Chapter 5: Skills System
A Skill isn't a magic template -- it just packages System Prompt, tool whitelist, and parameter constraints together. If the role design is bad, no matter how pretty the packaging, it won't help.
5.1 What Exactly Is a Skill?
In the previous chapters, we covered individual Agent tools and reasoning capabilities. But a problem is starting to emerge: the same Agent fails when you switch tasks.
I was once building a code review Agent for a client. The configuration was simple: System Prompt emphasized "find potential bugs and security issues," tools were just file reading and code search.

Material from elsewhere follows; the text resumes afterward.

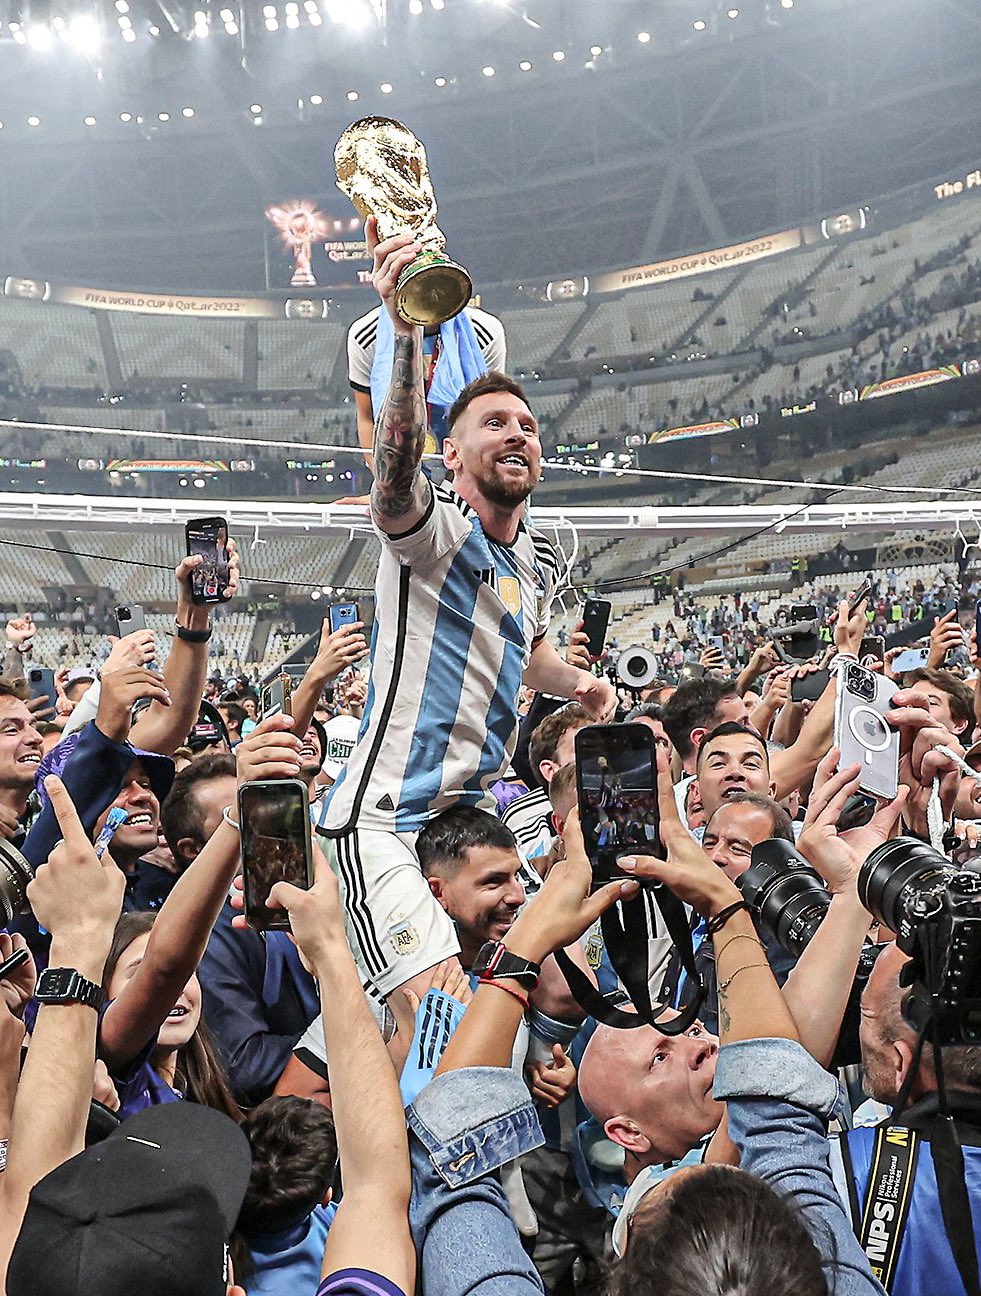 Các fan của Messi sẽ không muốn bỏ lỡ hình ảnh chàng cầu thủ này khi anh giành được chiến thắng và cúp của mình cùng những người bạn cùng phòng trong đợt giải đấu mới nhất. Hãy cùng xem lại hành trình giành chiến thắng của Messi.

It worked well, found many hidden issues.
A month later, the client had a new request: "Can this Agent do market research?"
I tried it -- complete failure. The code review Prompt talks about "finding bugs, checking type safety," but market research needs "searching trends, comparing data, citing sources." The tools didn't match either: file reading is useless, what's needed is web search and data scraping.
In the end, I spent an afternoon reconfiguring a "researcher" role. Two sets of configurations, completely different.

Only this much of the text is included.